Monday, March 23, 2020

Shutdown Questions

The other day, I was pointed to an article on the conservative website First Things, entitled "Questioning the Shutdown -https://www.firstthings.com/webexclusives/2020/03/questioning-the-shutdown

There is certainly some validity to the author's concerns, but I also find them problematic in more ways than one.
The author's concern seems to be that the present precautionary procedures against the COVID-19 pandemic - this "extraordinary shutdown" - will, especially if they are prolonged, likely have harmful consequences and do lasting damage to our institutions, and in a special way our religious institutions.

There is obviously some truth to that observation. In fact, many people from various perspectives have expressed concern about what long-term damage society will suffer from this experience. The immediate point at issue, however, is how we prudently evaluate the necessity of measures that might well in the long-term contribute to those consequences - and then what longer-term institutional reforms may help to undo some of that damage. I have no doubt that this crisis will take a terrible toll on all of our institutions.

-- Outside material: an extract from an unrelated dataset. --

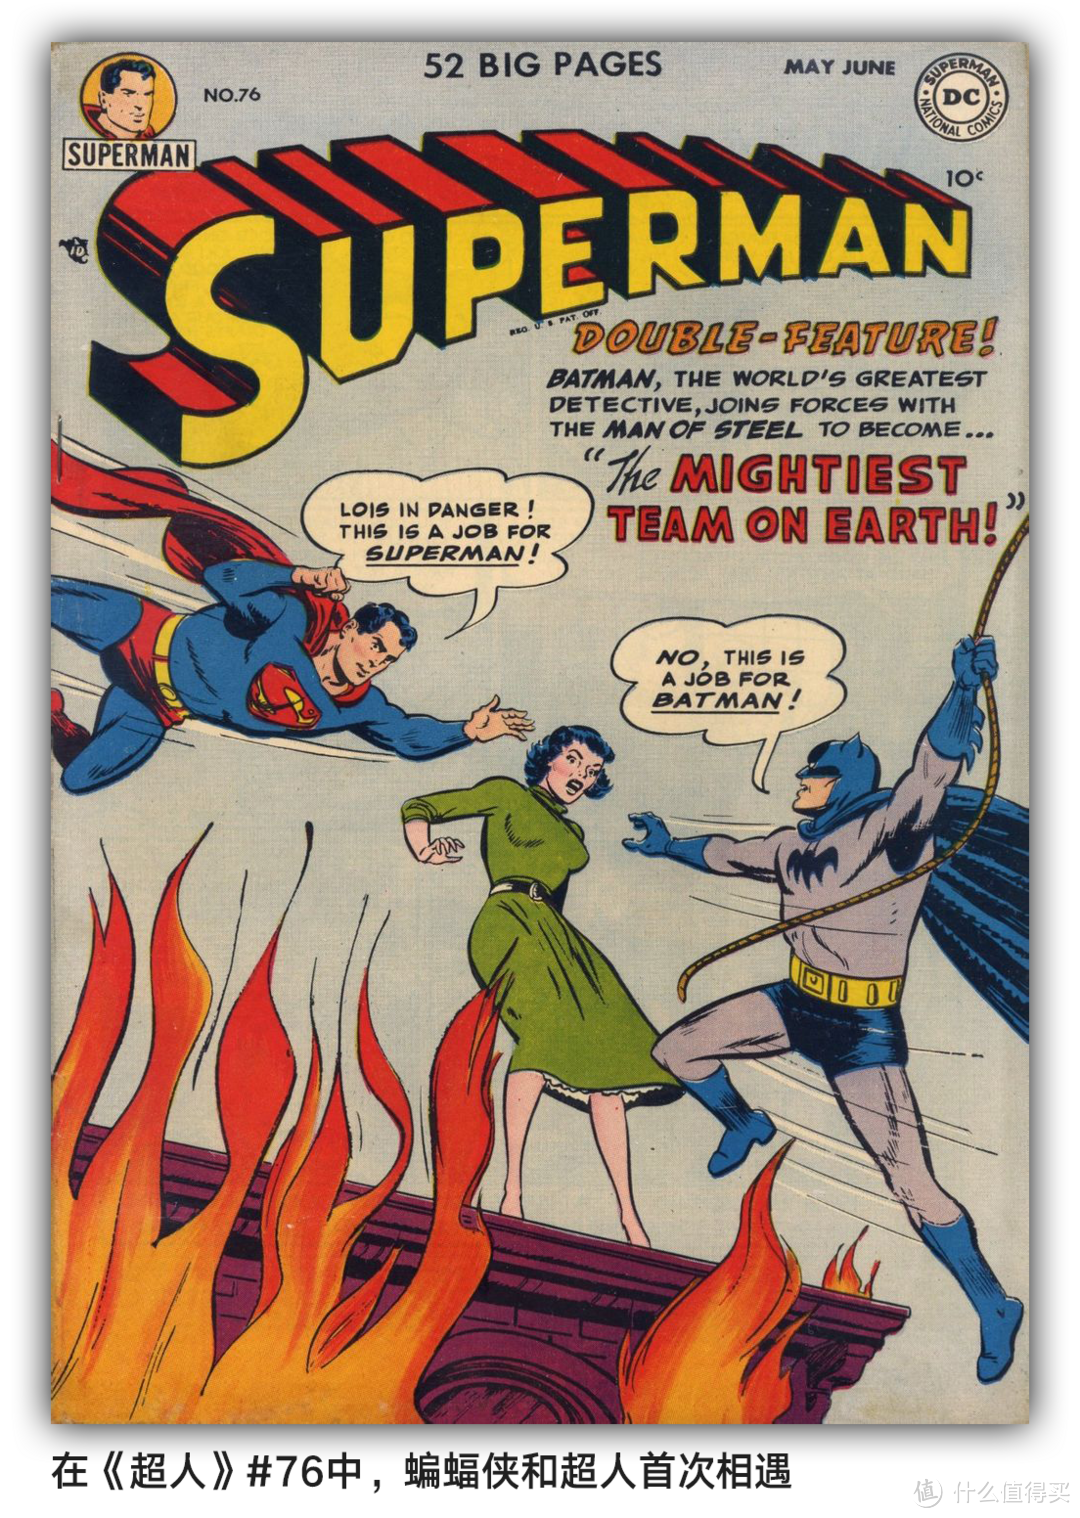 《正义联盟》漫画导读  超人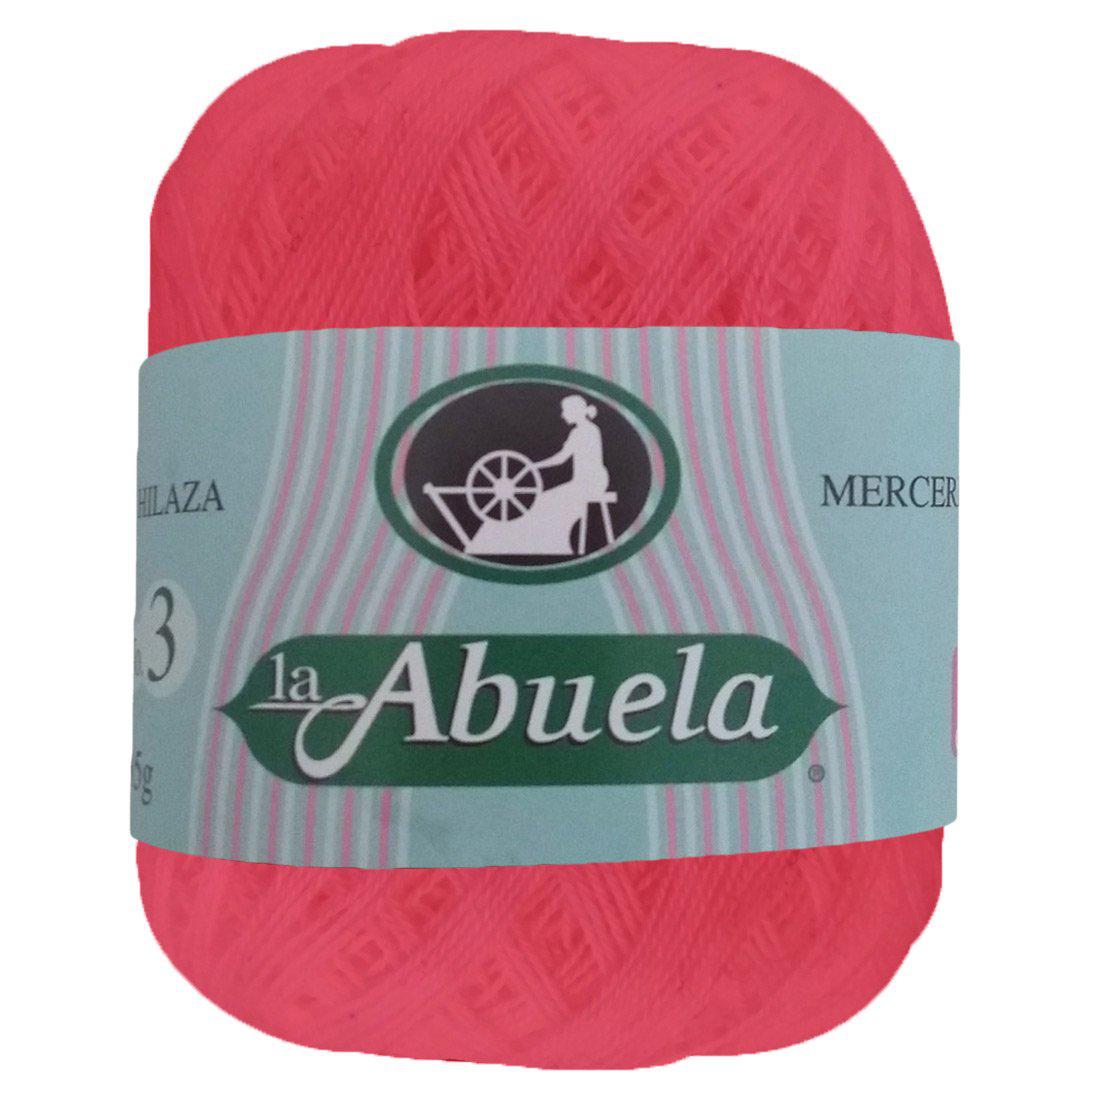 Hilaza La Abuela No.3, marca Omega, CAJA con 8 madejas de 35g con 300m

The challenge will be how we respond and what resources - cultural, social, political, and religious - we will still have with which to respond.

The author is especially harsh in his evaluation of the response of the Churches. "Cancelling services and closing churches," he claims, "underlines the irrelevance of institutional Christianity in our technocratic age." To me, that seems like a very strange statement. Institutional Christianity may indeed be increasingly "irrelevant" to many Americans, but why should the Churches' concern for public health make Christianity any more "irrelevant" to them than it already is? Other institutions have closed, institutions which many secular Americans may already consider much more relevant than religion - for example, schools, businesses, and (this society's most particularly pernicious substitute for religion) sports. Their closing hardly underlines their "irrelevance." Moreover, I can hardly think of anything more likely to contribute to religion's "irrelevance" right now than for Churches to oppose - or not to cooperate with - necessary public health measures, prioritizing a politicized theory of religious liberty over the common good, including the health and safety of their own congregations. 

Of course, the Church's mission transcends public health and safety. With several simple but remarkably powerful gestures (for example, his pilgrimage walk in an empty Rome to San Marcello al Corso last week and his repeated invitations to moments of prayer) Pope Francis has highlighted that the Church's mission is, above all, a spiritual one - and also one which can still be exercised while supporting (and certainly not undermining) the common good of human society. The Church is a unique society with a supernatural end, which transcends the legitimate natural ends of civil society, but she is not an automatic obstacle to civil society's legitimate natural ends.

But perhaps the issue is not so much the Church's mission versus the common good of human society, but competing notions of what is in fact the good of society - or of the individual (for those "conservatives" who, echoing Margaret Thatcher, argue that there is no such a thing as society). The author, for example, seems to have no hesitation accepting guidance from, of all places, The Wall Street Journal, which is worried about "a drastic decline in GDP." 

One would think that concerns about public health and safety are at least as legitimate for Churches and religious people to care a lot about in this transitory life as is "a drastic decline in GDP." Indeed, down through the centuries in this vale of tears, the Church has canonized for their heroic sanctity men and women who have devoted themselves to caring for others' physical health and well being, often founding religious communities with that as their mission. I can't recall anyone who has been canonized for caring about the GDP.

And surely one of the main reasons for religion's increasing "irrelevance" today has been precisely the alliance of elements of American religion with capitalism and its dire social consequences - so many of which are increasingly on display in the precarious situation in which so many now find themselves as a consequence of this pandemic. 

Some temporary "social distancing" may be a prudent response to the threat of contagion.  The long-term social isolation of so many on the margins of our society has been a moral calamity.